Exercise details:
Leave out the pictures and retype, exactly, the lines below from the line with "Banff to Jasper National Parks Tour" up to and including the line with "Shih tzu (Long", nothing more.

Records for this task:
◇ ◇ ◇ ◇ ◇ ◇ ◇

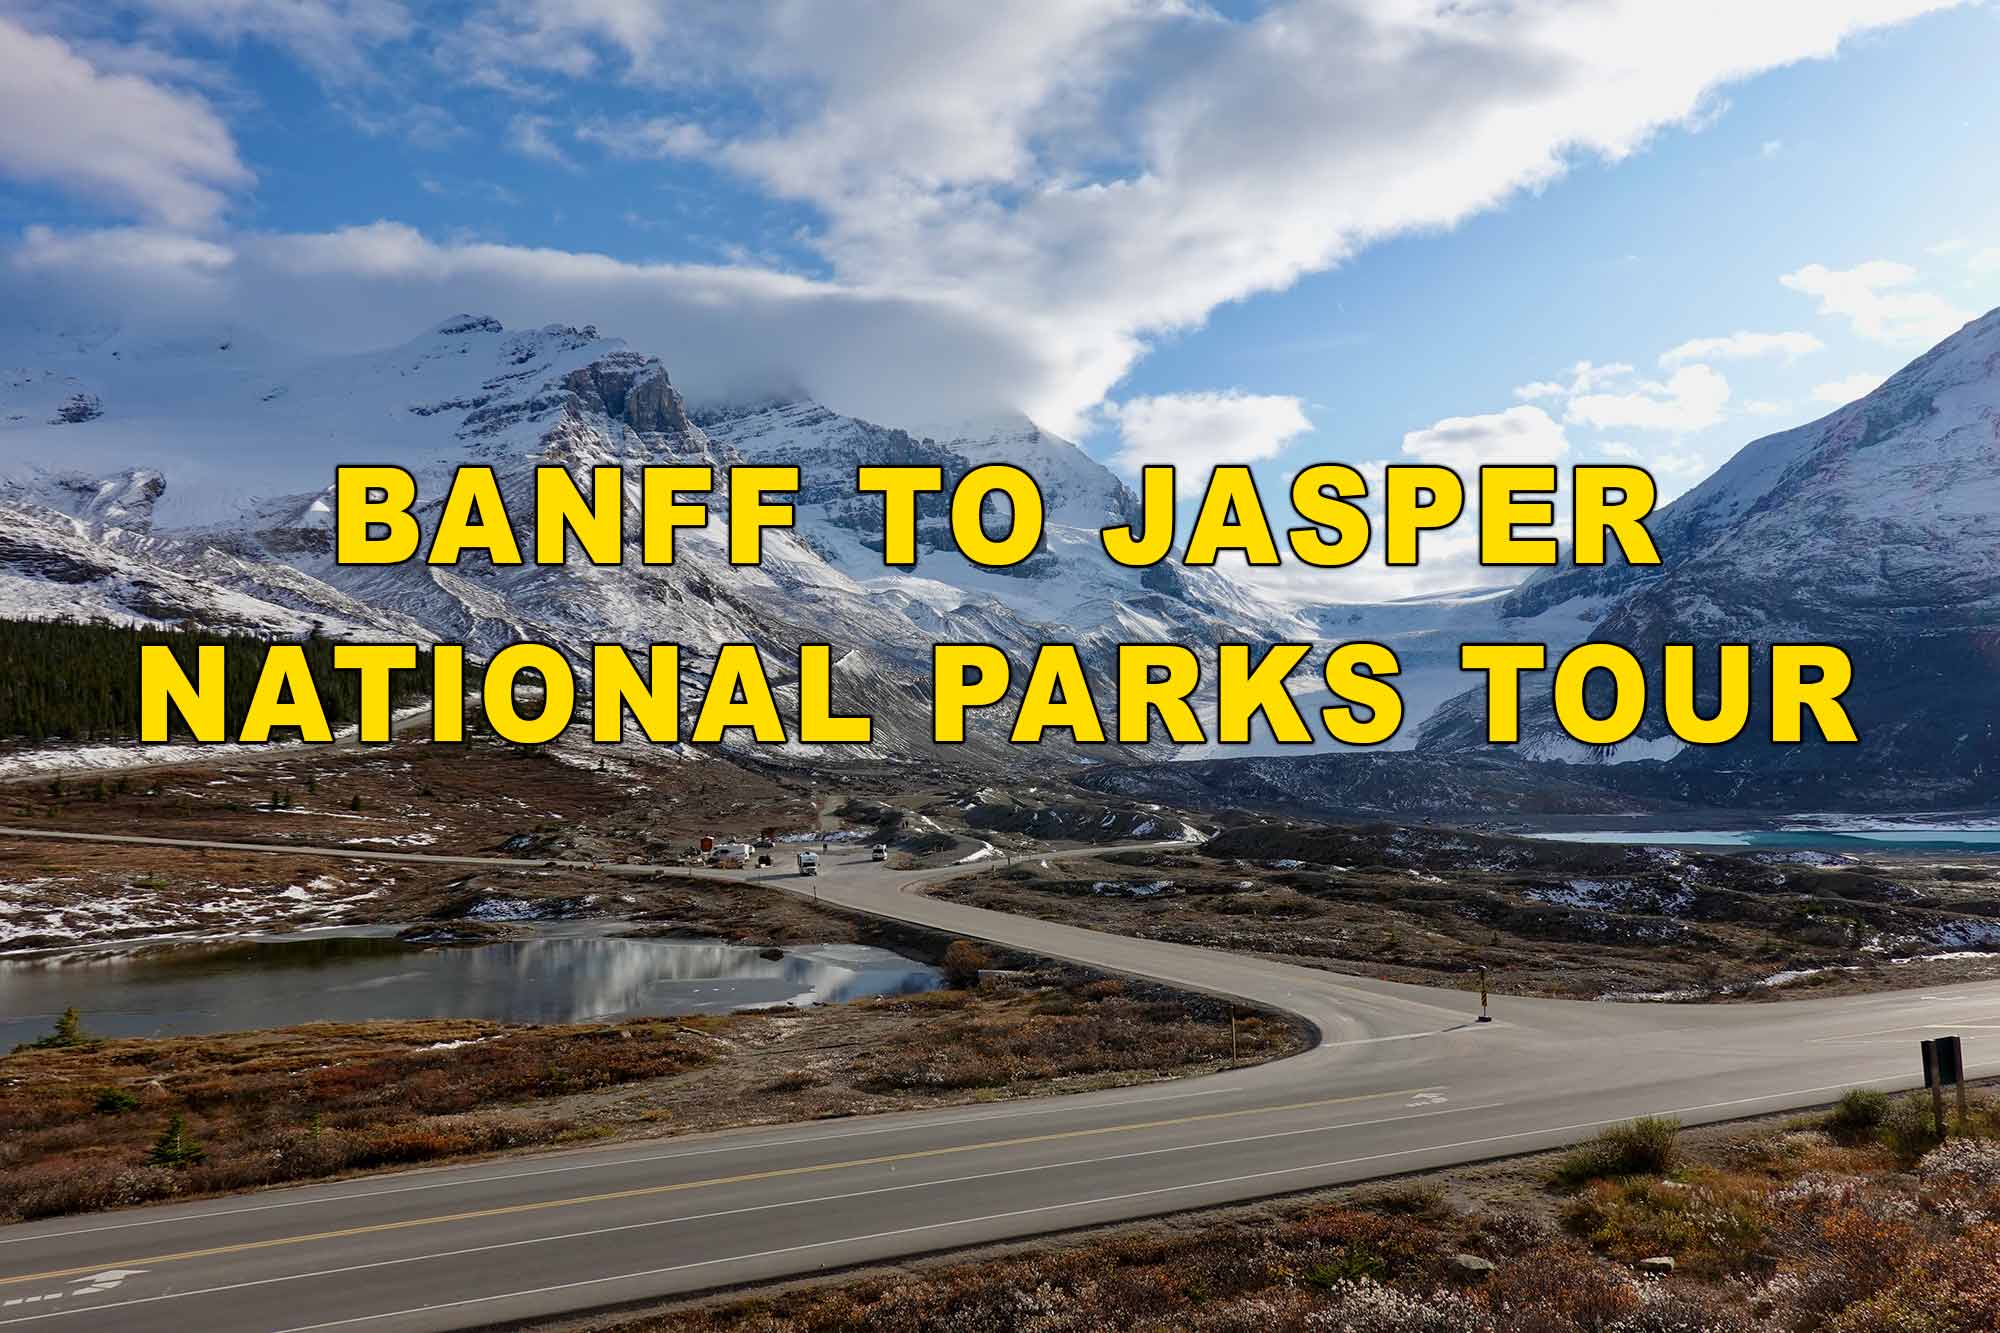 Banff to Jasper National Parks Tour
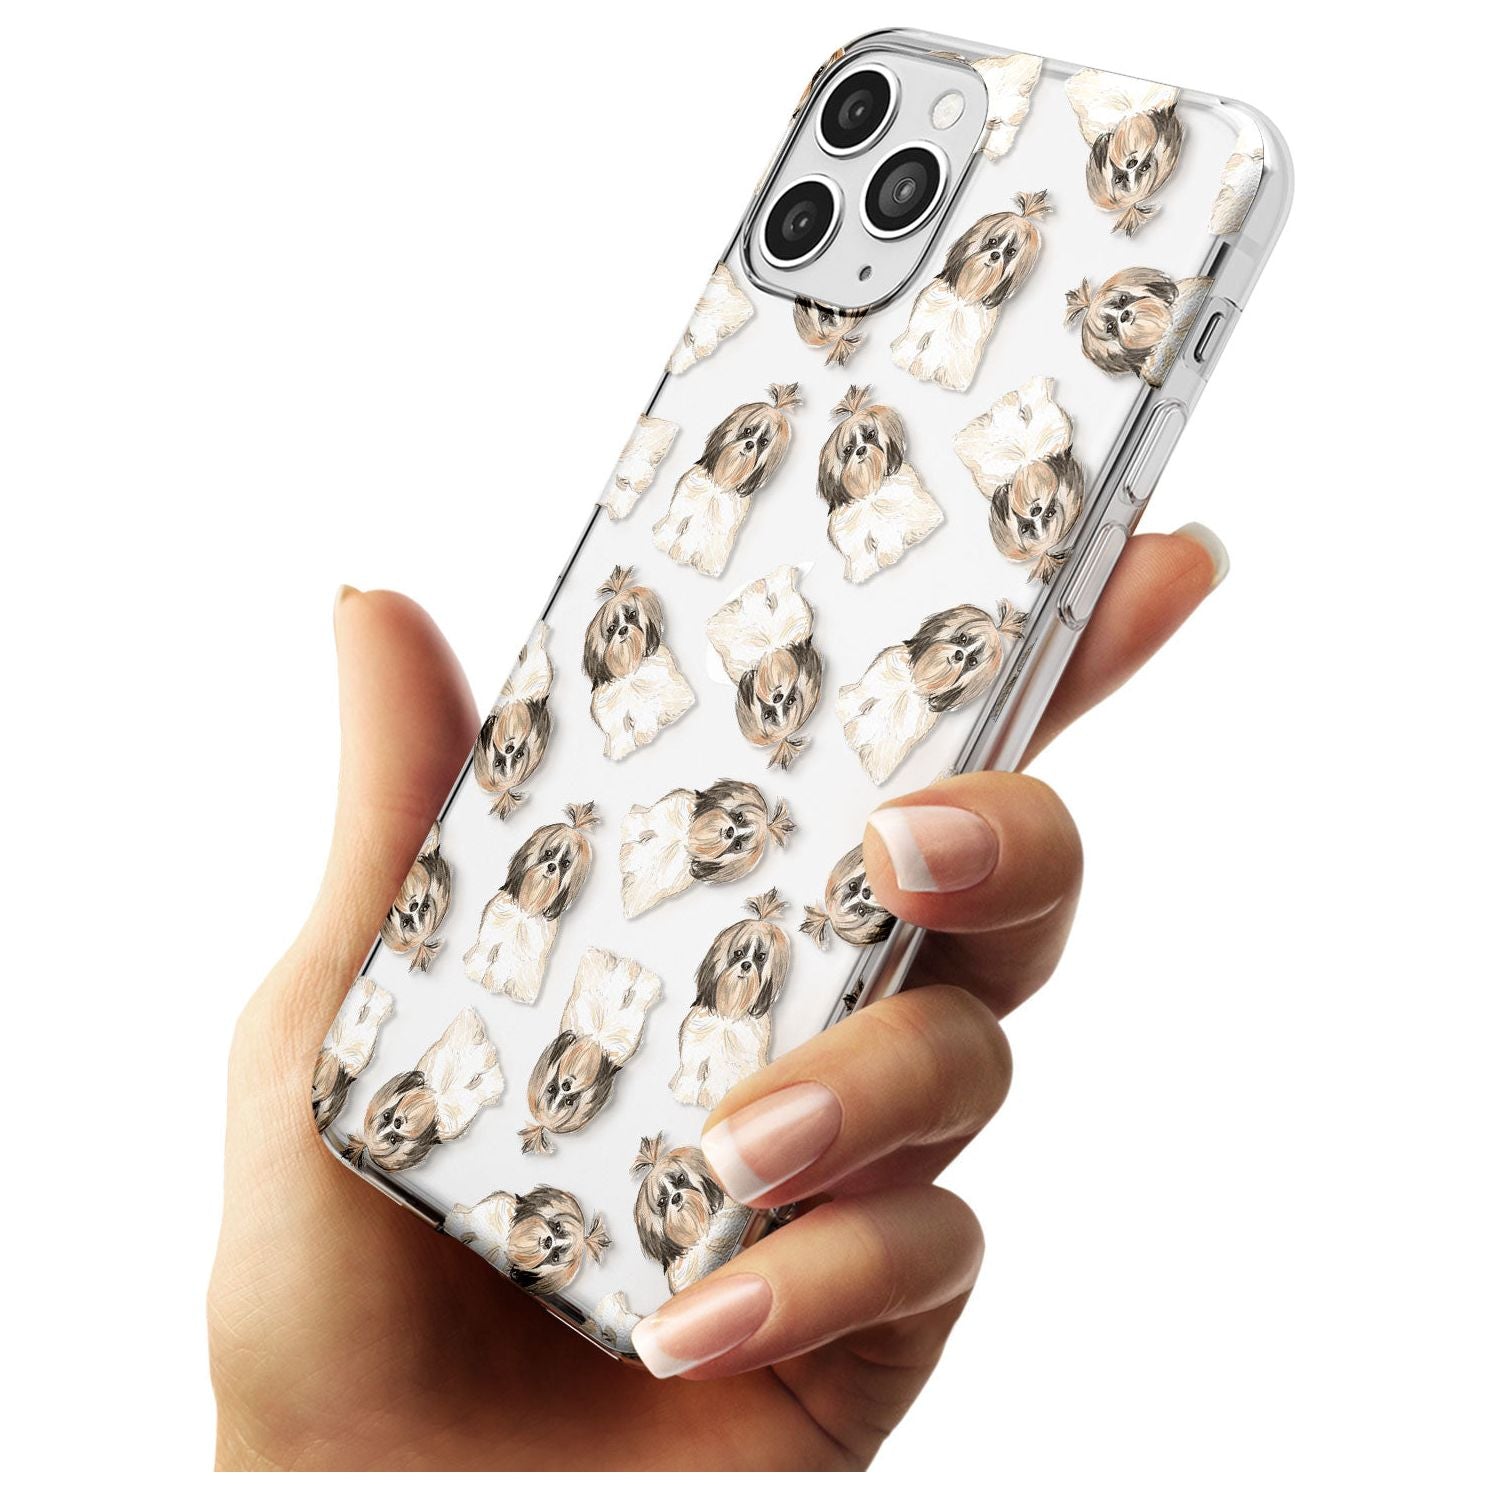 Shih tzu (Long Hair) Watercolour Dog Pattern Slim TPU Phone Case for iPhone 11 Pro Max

◇ ◇ ◇ ◇ ◇ ◇ ◇

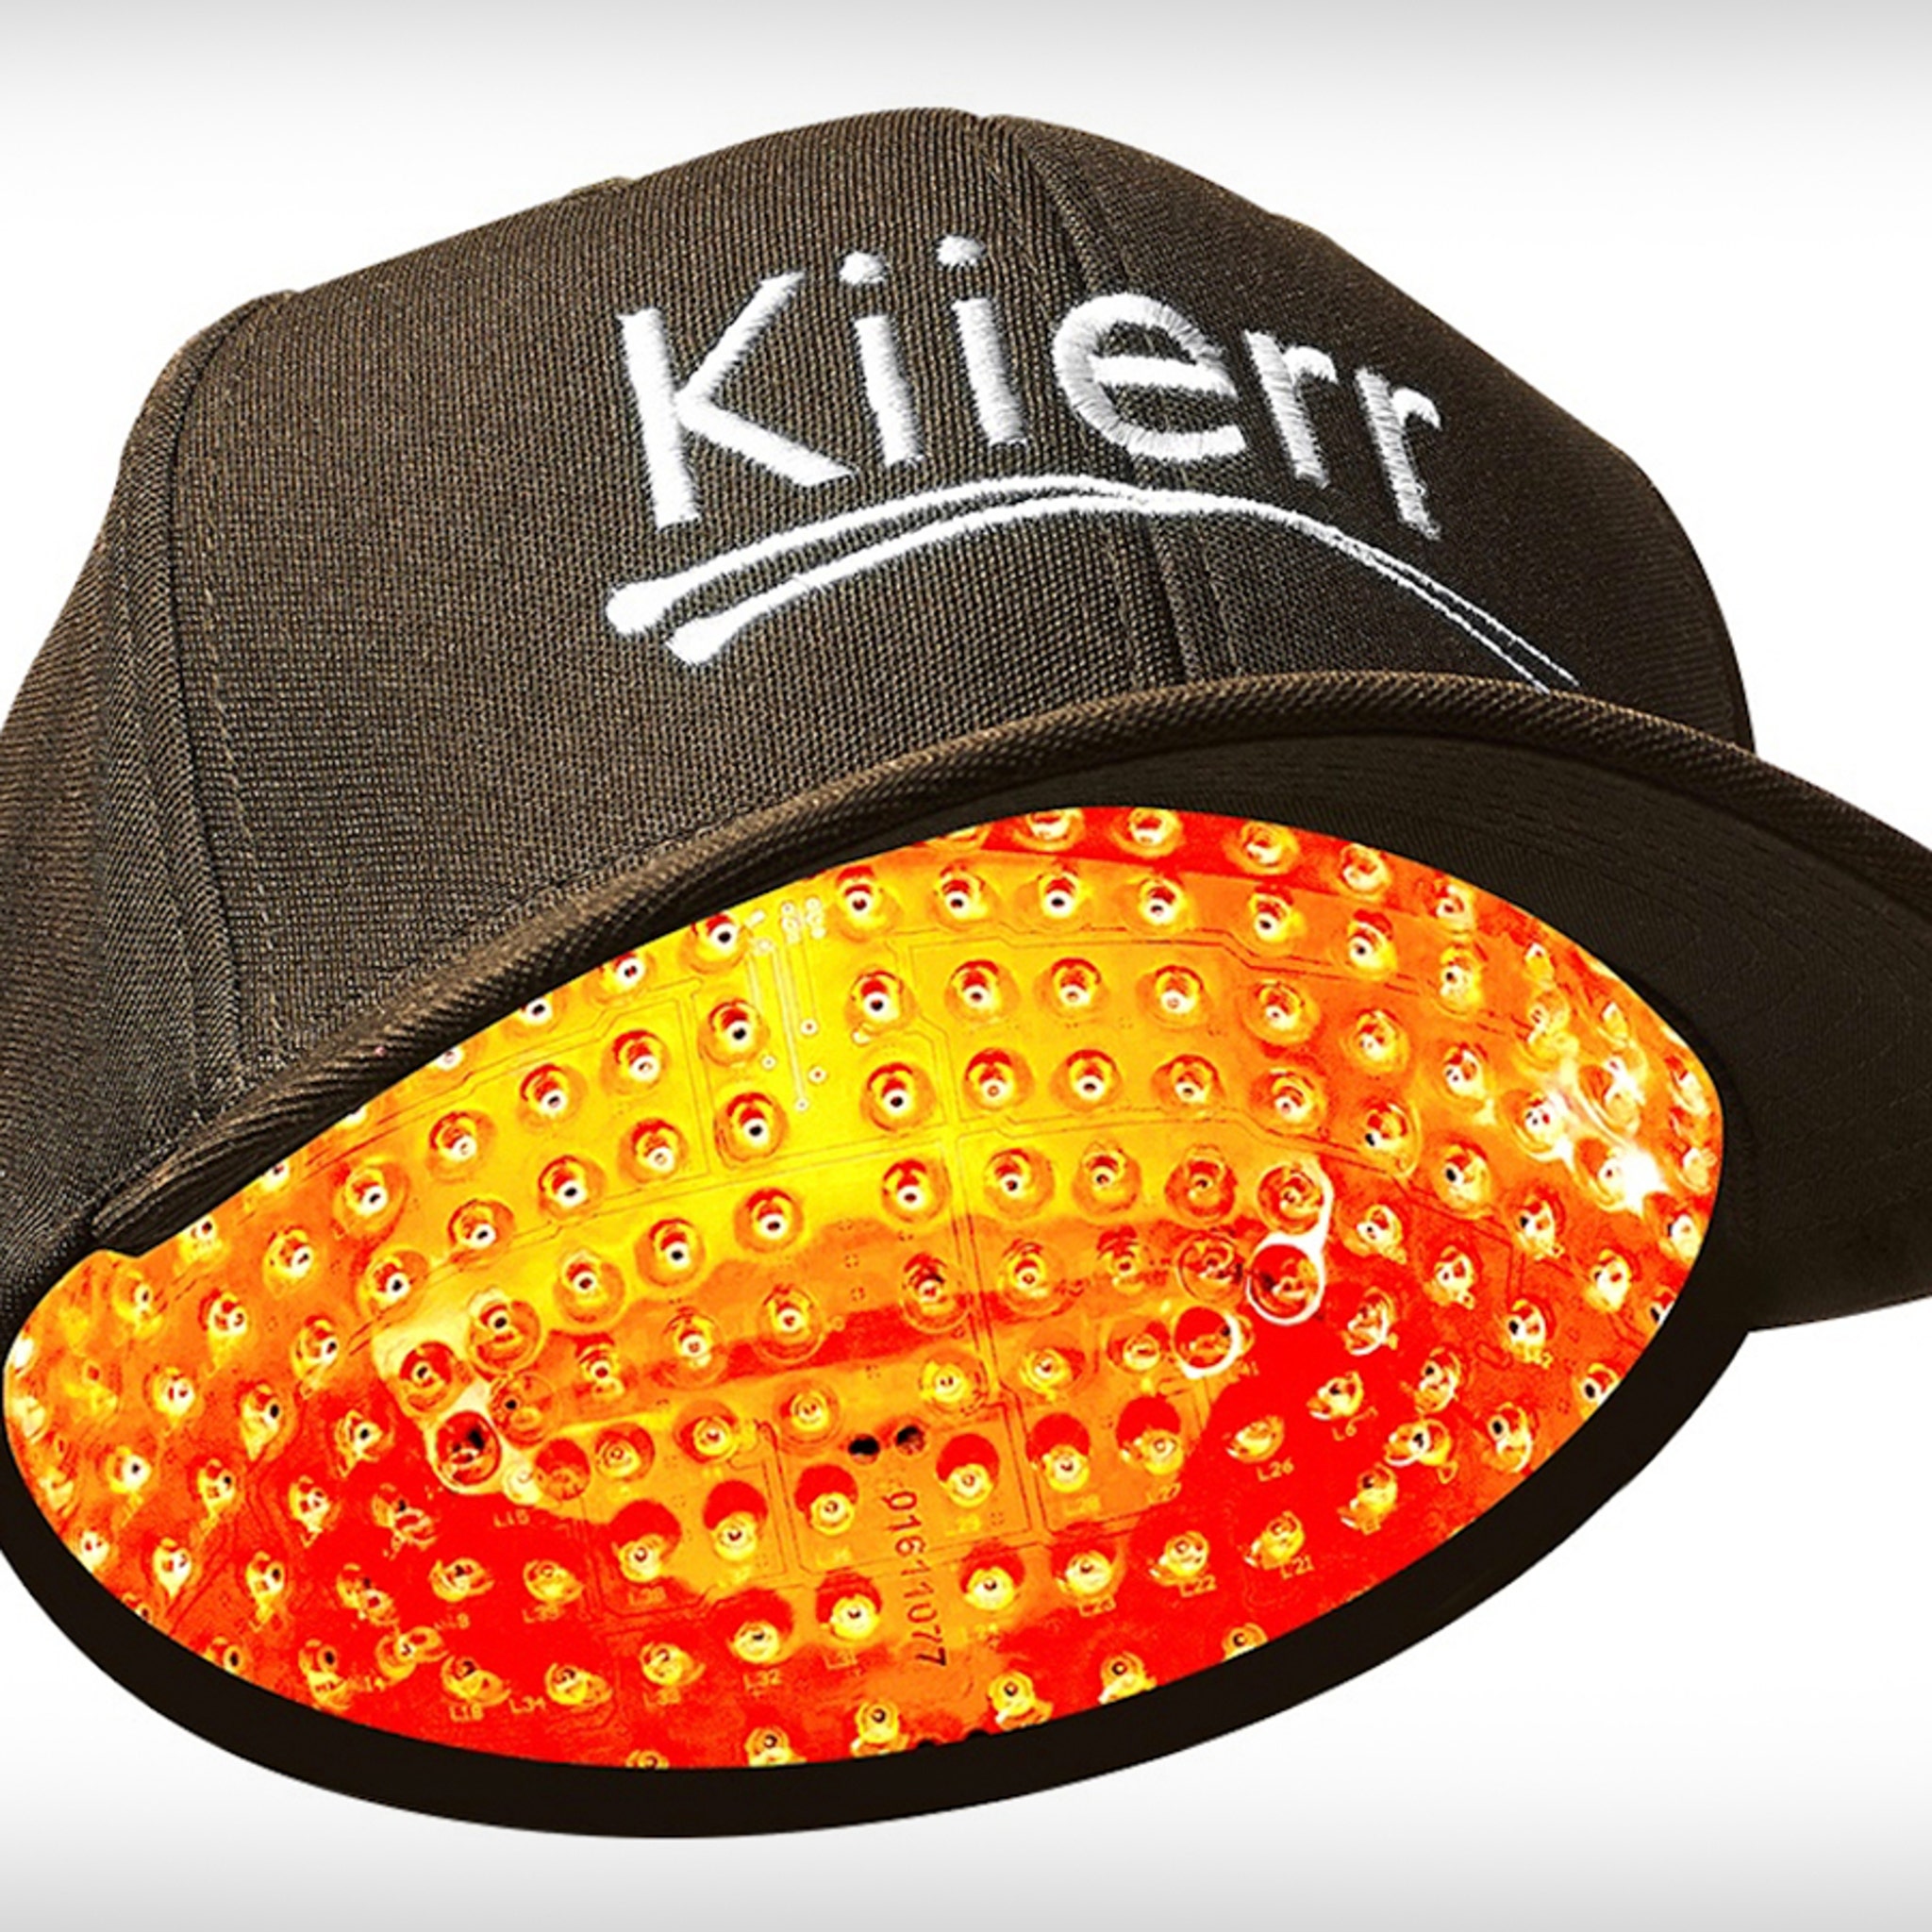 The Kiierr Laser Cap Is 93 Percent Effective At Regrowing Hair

◇ ◇ ◇ ◇ ◇ ◇ ◇

Exercise result:
 Banff to Jasper National Parks Tour
 Shih tzu (Long Hair) Watercolour Dog Pattern Slim TPU Phone Case for iPhone 11 Pro Max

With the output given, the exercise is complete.